На следующее утро, когда солнце еще не взошло и было относительно прохладно, к ветхому глинобитному домику, где квартировал Маньковский с женой, подкатила полуторка. Машину здесь уже ждали. Александр в форме, при оружии сидел, подперев голову руками, на табуретке в тесной затененной прихожей. Татьяна, его жена, женщина пышная, с крупным, но не потерявшим от этого обаятельности, лицом, обрамленным густыми русыми волосами, собранными сзади в пучок, с завидной обстоятельностью заканчивала укладку вещей мужа.
– Ну, кажется, ничего не забыла, – произнесла она с заметным удовольствием. В этот момент раздался звук автомобильного клаксона. Маньковский посмотрел на часы, улыбнулся:
– Муса, как всегда, точен.
Маньковский вышел на улицу и удивился – кузов машины, приспособленный для перевозки людей, был пуст, хотя предполагалось, что вместе с ним поедет в Али-Байрамлы большая группа оперативников.

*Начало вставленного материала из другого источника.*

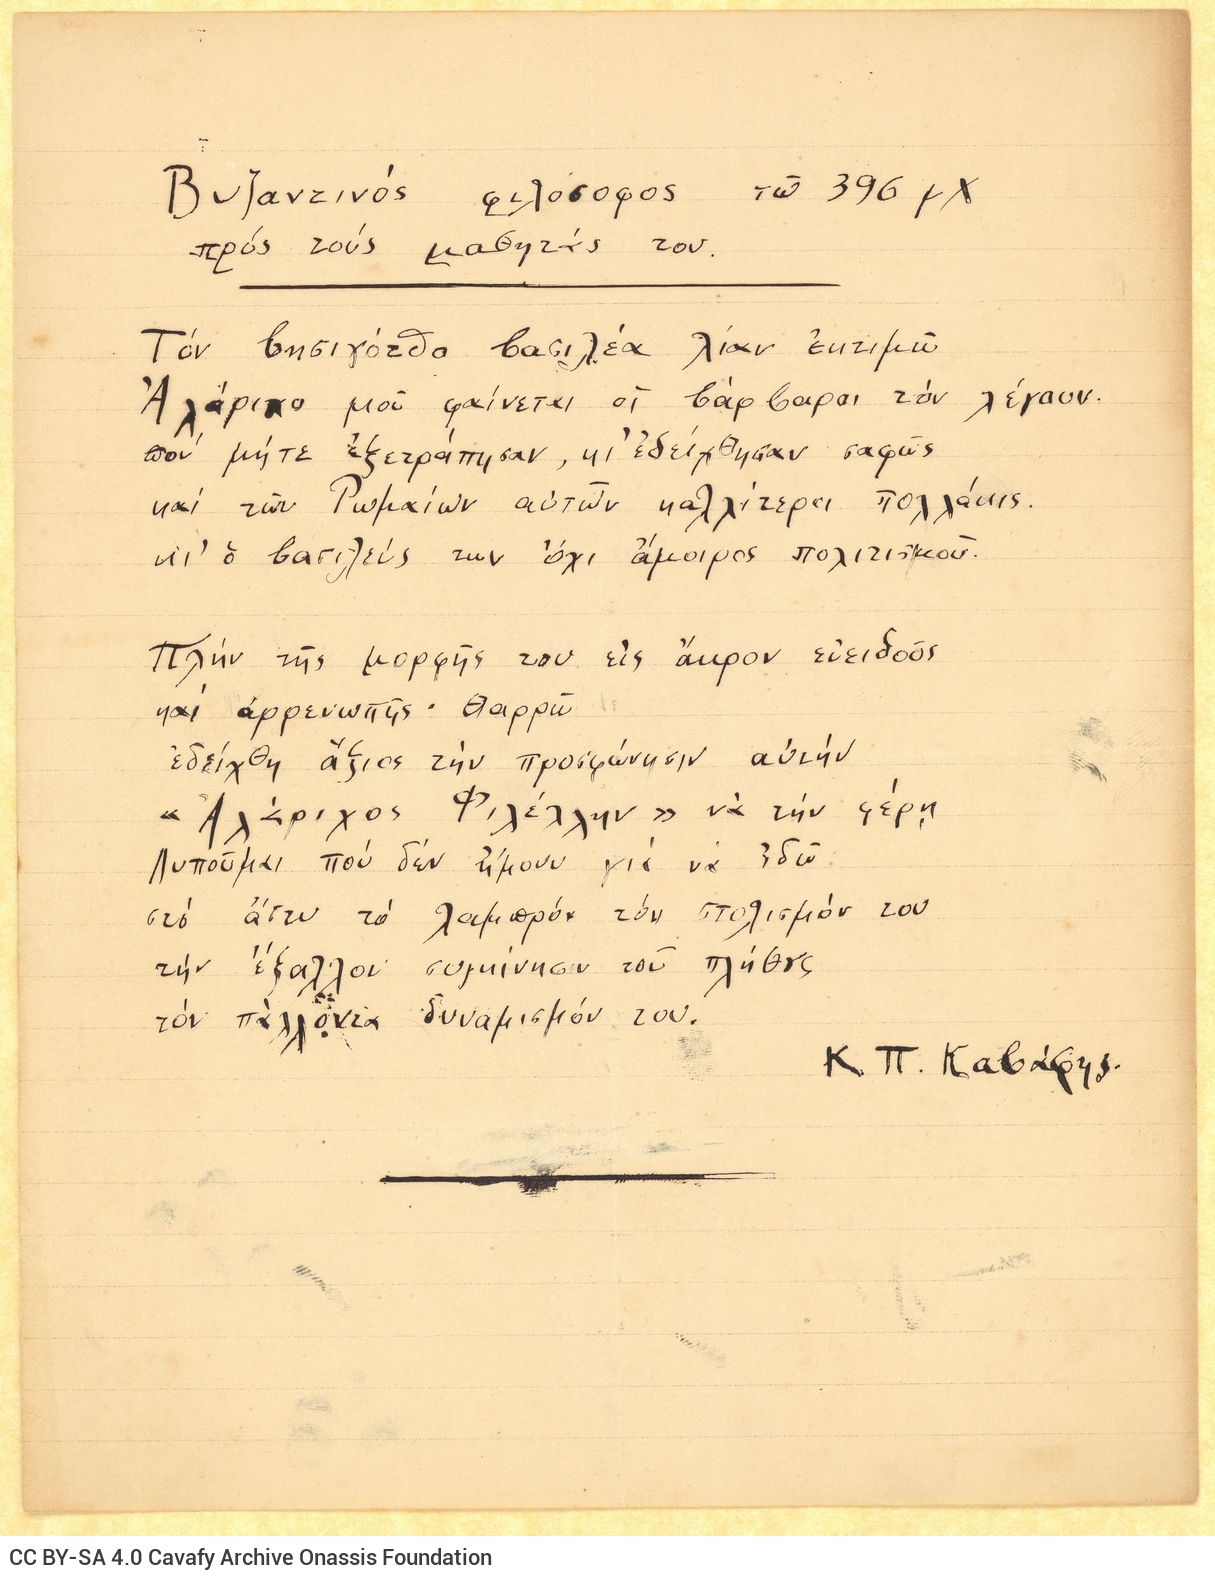 Χειρόγραφο ποίημα («Βυζαντινός φιλόσοφος τω 396 μ.Χ. προς τους μαθητάς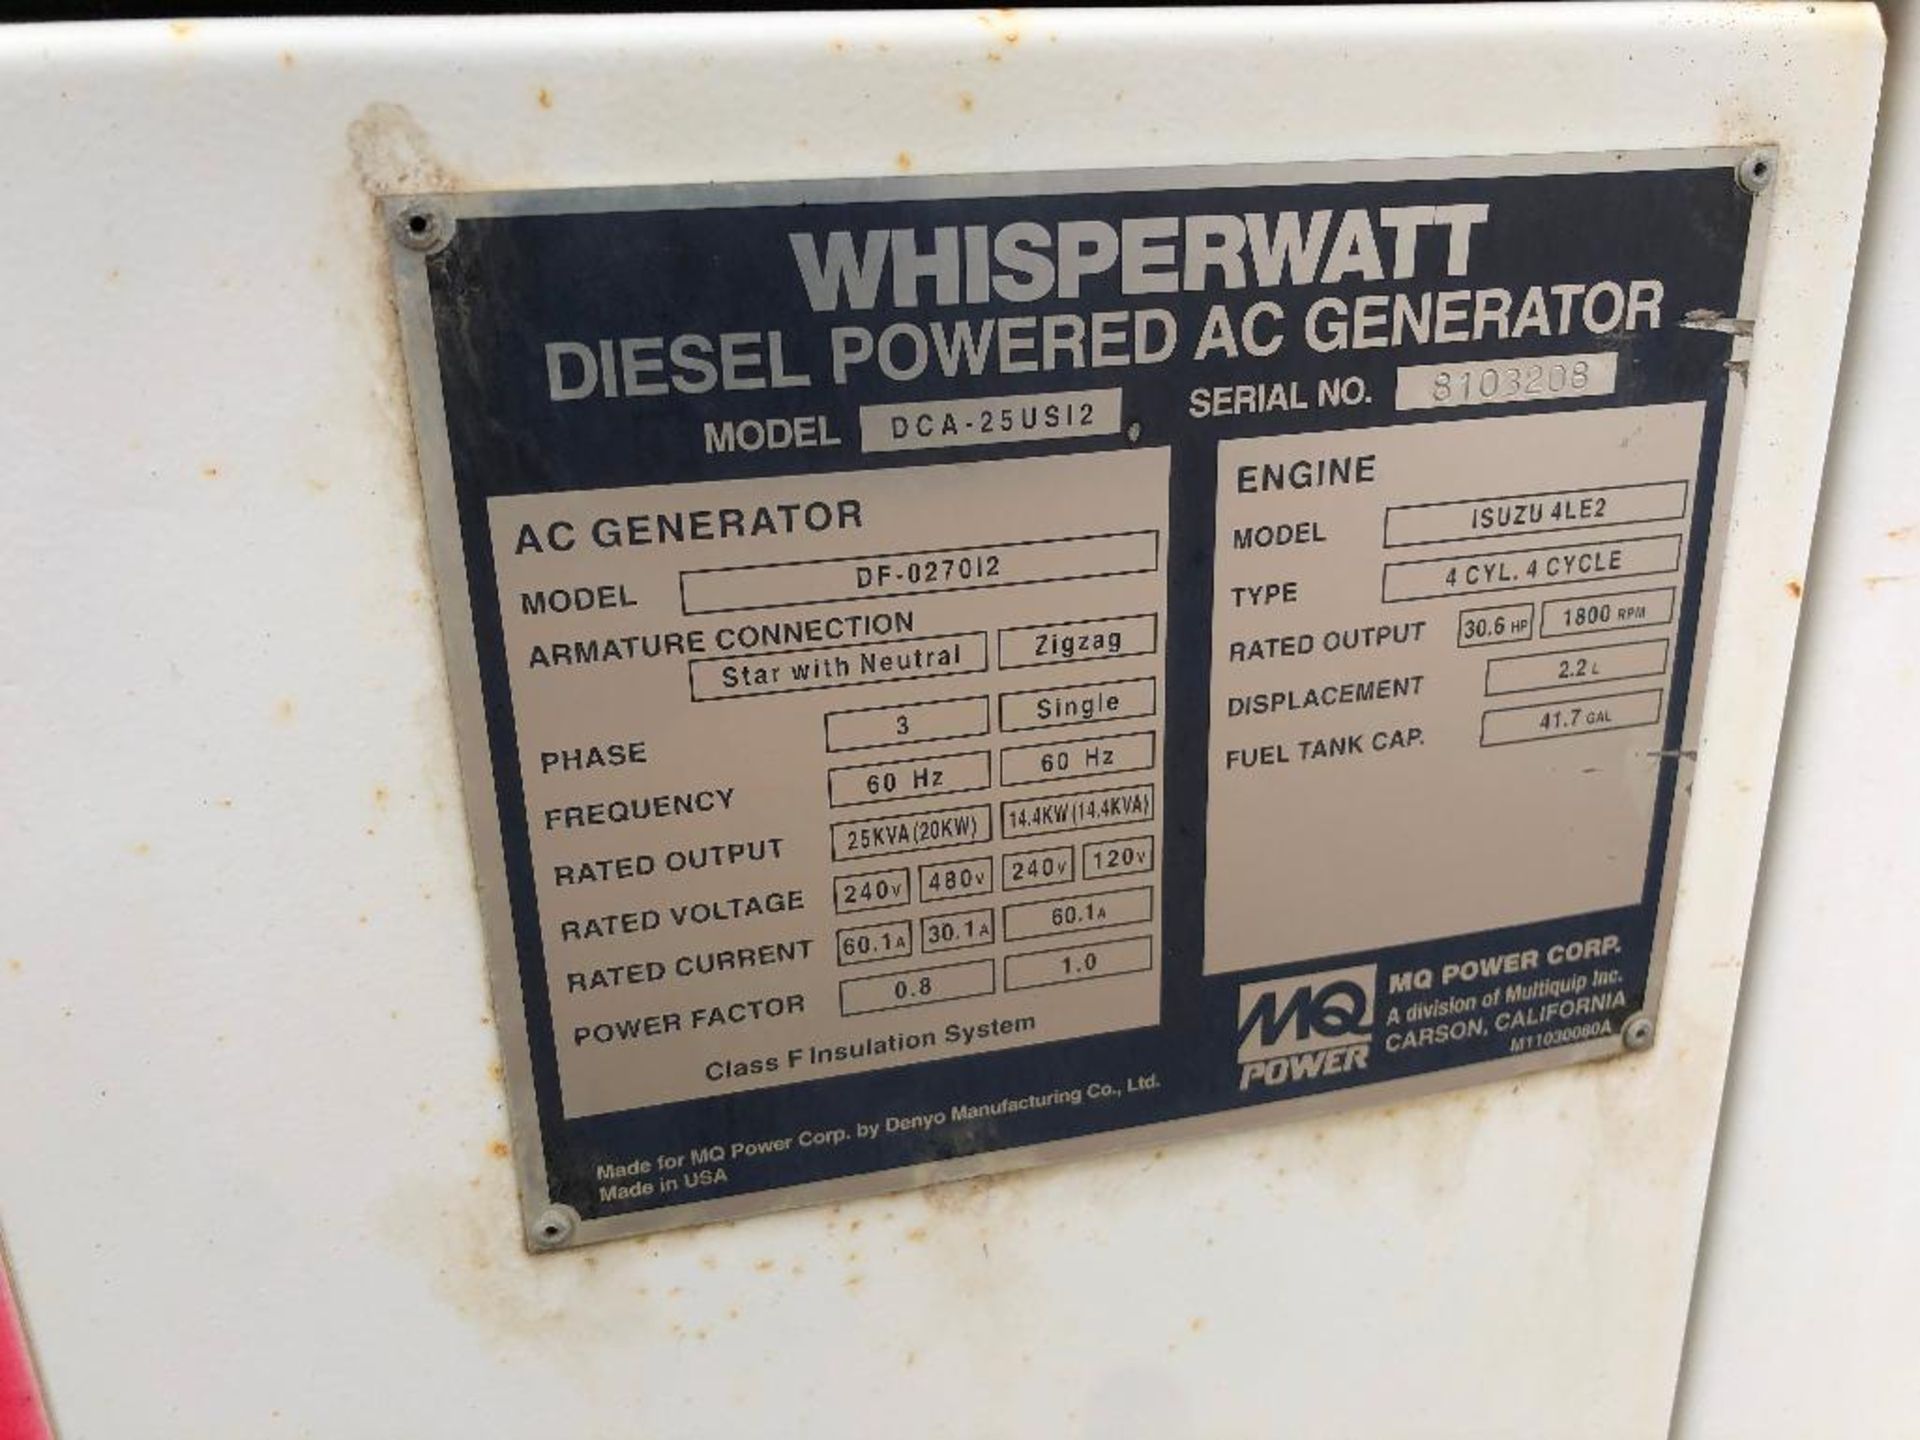 Whisperwatt 20kW DF-027012 Diesel Generator, 3PH, Isuzu 4LE2, 4,311hrs Showing - Image 5 of 9

Муса, стройный азербайджанец, никогда, даже в самые жаркие дни, не расстававшийся с кожаной курткой, перехватил удивленный взгляд Маньковского.
– Э, – он резко поднял руки вверх, – сам думал, Александр Иосифович, много наших поедет. Прихожу, понимаешь, в гараж, говорят: Маньковского забирай, и все. Почему все? Что такое все? Вчера еще уехали, говорят, увезли, что надо.
– Ладно, уехали, так уехали, – Маньковский распахнул дверцу кабины.
Пейзаж навевал тоску и клонил ко сну. Но выбоины да голос Мусы не давали Александру заснуть. А то, что говорил шофер, все более возбуждало интерес следователя, вспыхнувший, как только он узнал, что оперативники уехали без него. В последнее время он отметил что-то неладное в отношении к нему начальства. Его выводы по ряду дел вызывали нескрываемое раздражение, особенно, если речь шла об освобождении людей из-под стражи. На его замечание о том, что дознание произведено неквалифицированно, что нет доказательств вины, следовало неизбежное и торопливое: оставляйте дело, мы сами разберемся. Не прошло незамеченным для следователя и желание непосредственных руководителей, того же Зобина, скрыть от него кое-какую информацию… Муса между тем сказал то, что особенно насторожило Маньковского.